= Erling Diesen =

Norwegian engineer and civil servant (1932–2026)

Erling Diesen (6 July 1932 – 3 July 2026) was a Norwegian engineer and civil servant.

==Life and career==
Diesen was born in Geithus on 6 July 1932. He finished his secondary education in Hønefoss in 1951 and graduated as a civil engineer from the Norwegian Institute of Technology in 1956. He worked at the Institute of Technology as engineer and research assistant until 1960, and was a secretary in the Norwegian Electrotechnical Committee from 1960 to 1961. He was hired in the Norwegian Water Resources and Electricity Agency in 1961, and was a chief engineer in the power plant department until 1977 and in the electricity department from 1977 to 1978. He was then a subdirector in the Norwegian Ministry of Petroleum and Energy from 1978 to 1980 and then as subdirector in the Water Resources and Electricity Agency from 1980 to 1983. He was the chief executive officer of Buskerud Energiverk from 1983.

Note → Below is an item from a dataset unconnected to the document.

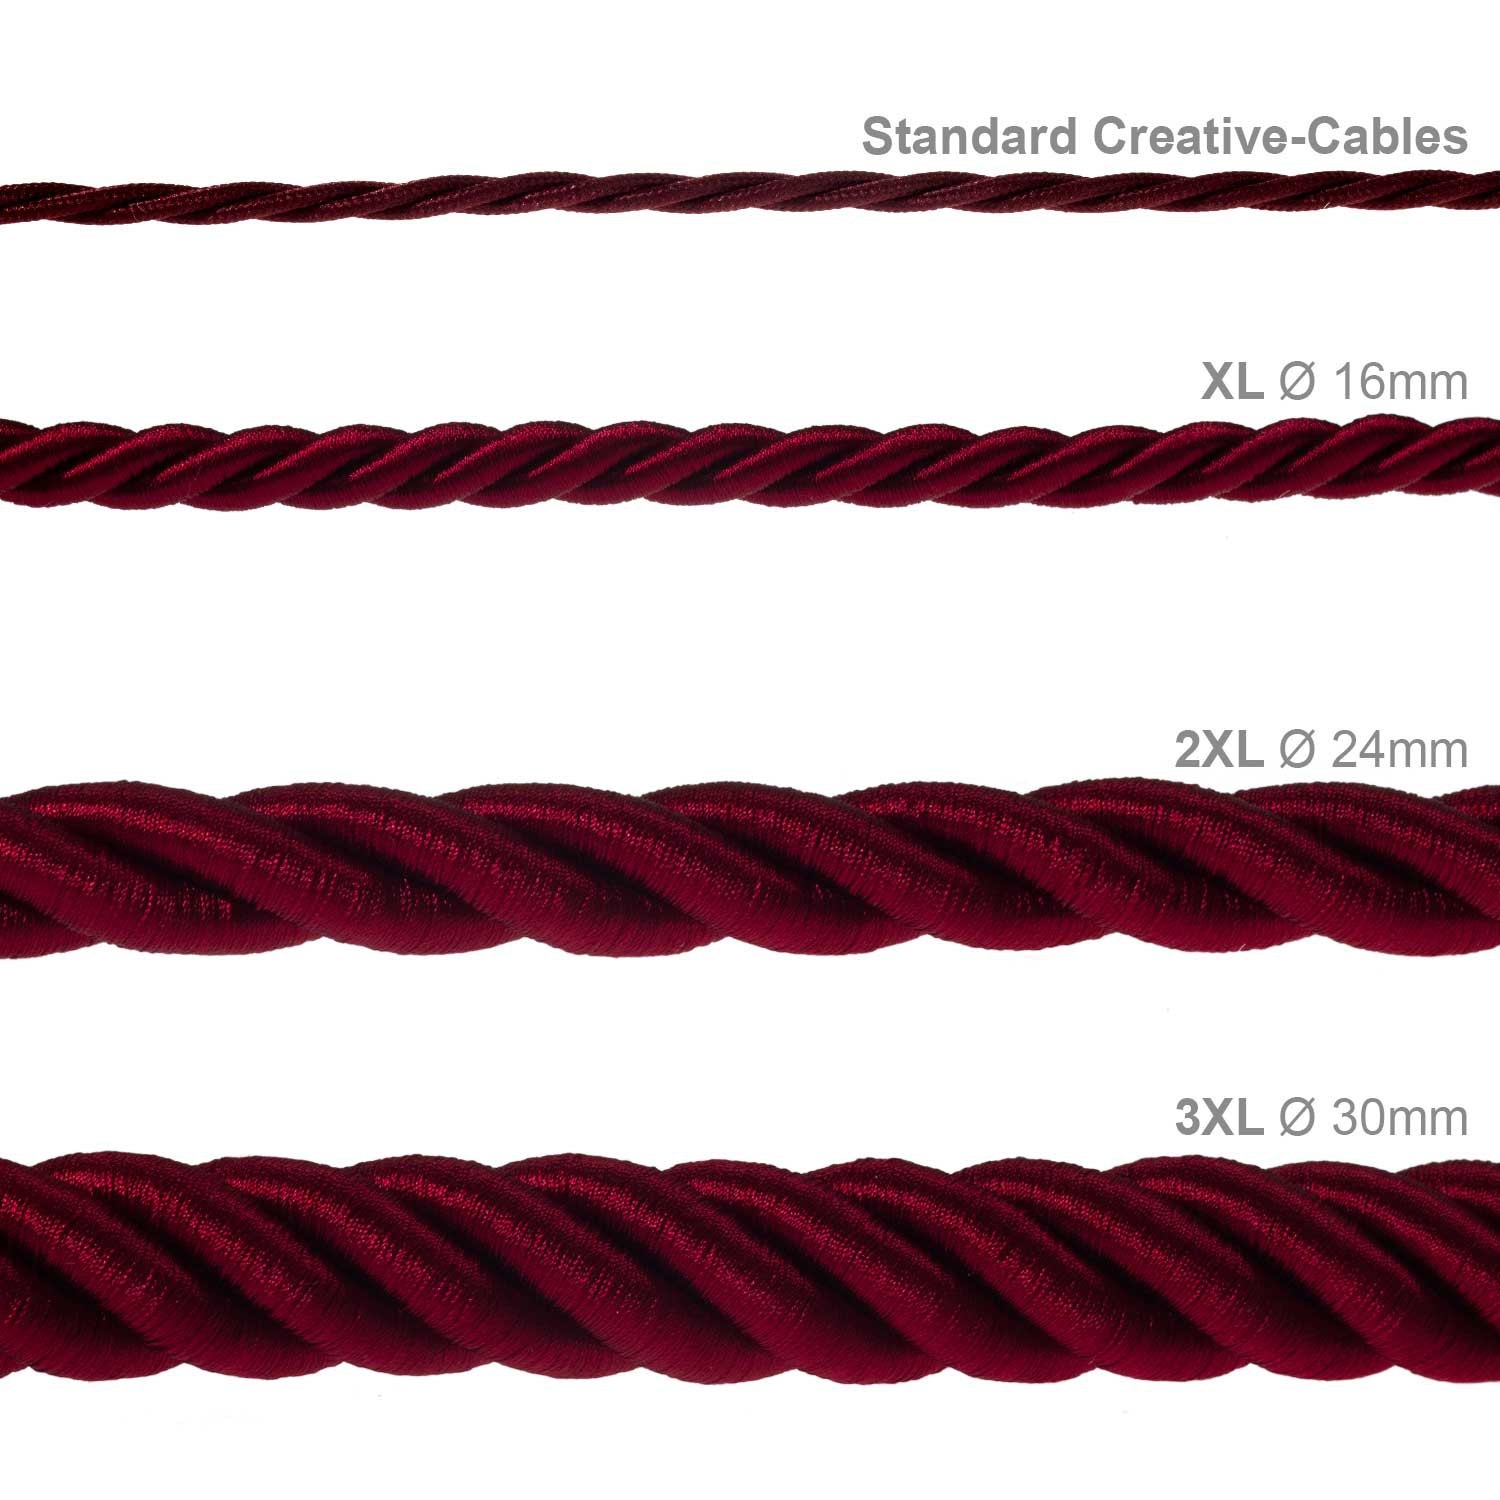 Cordón 2XL, cable eléctrico 3x0,75, recubierto en tejido burdeos oscuro brillante. Diámetro: 24mm.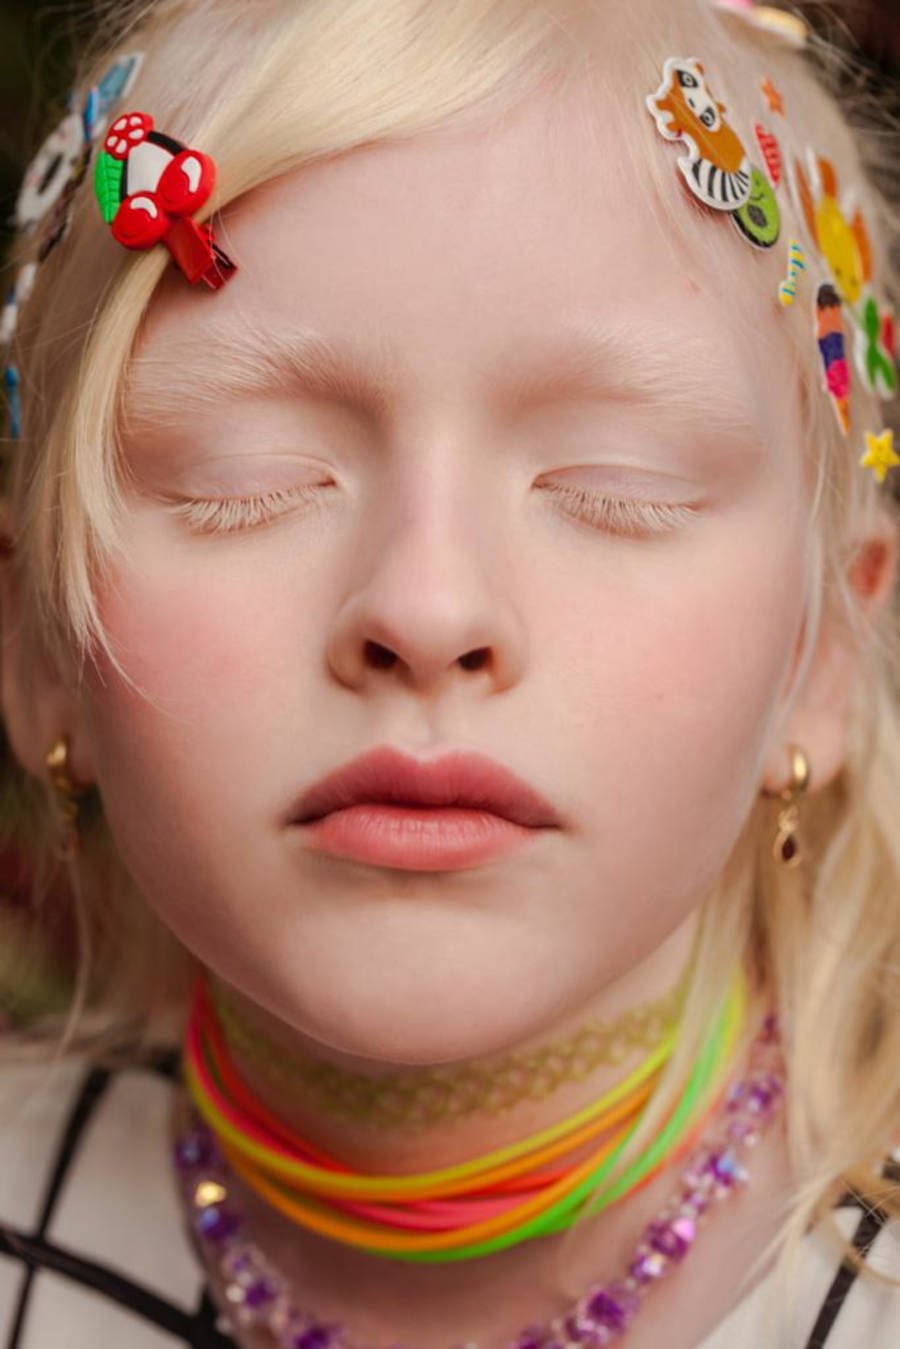 Imagem aproximada do rosto de uma criança loira com stickers no cabelo e colares coloridos

In 1987 he became director-general of the Norwegian Water Resources and Energy Agency, and after a reorganization he served as director from 1991 to 1999. He presided over the Norwegian committee of the World Energy Council and chaired Norsk energiforening in the Norwegian Polytechnic Society. He was a board member of the Institute for Energy Technology and member of the NTNF energy committee.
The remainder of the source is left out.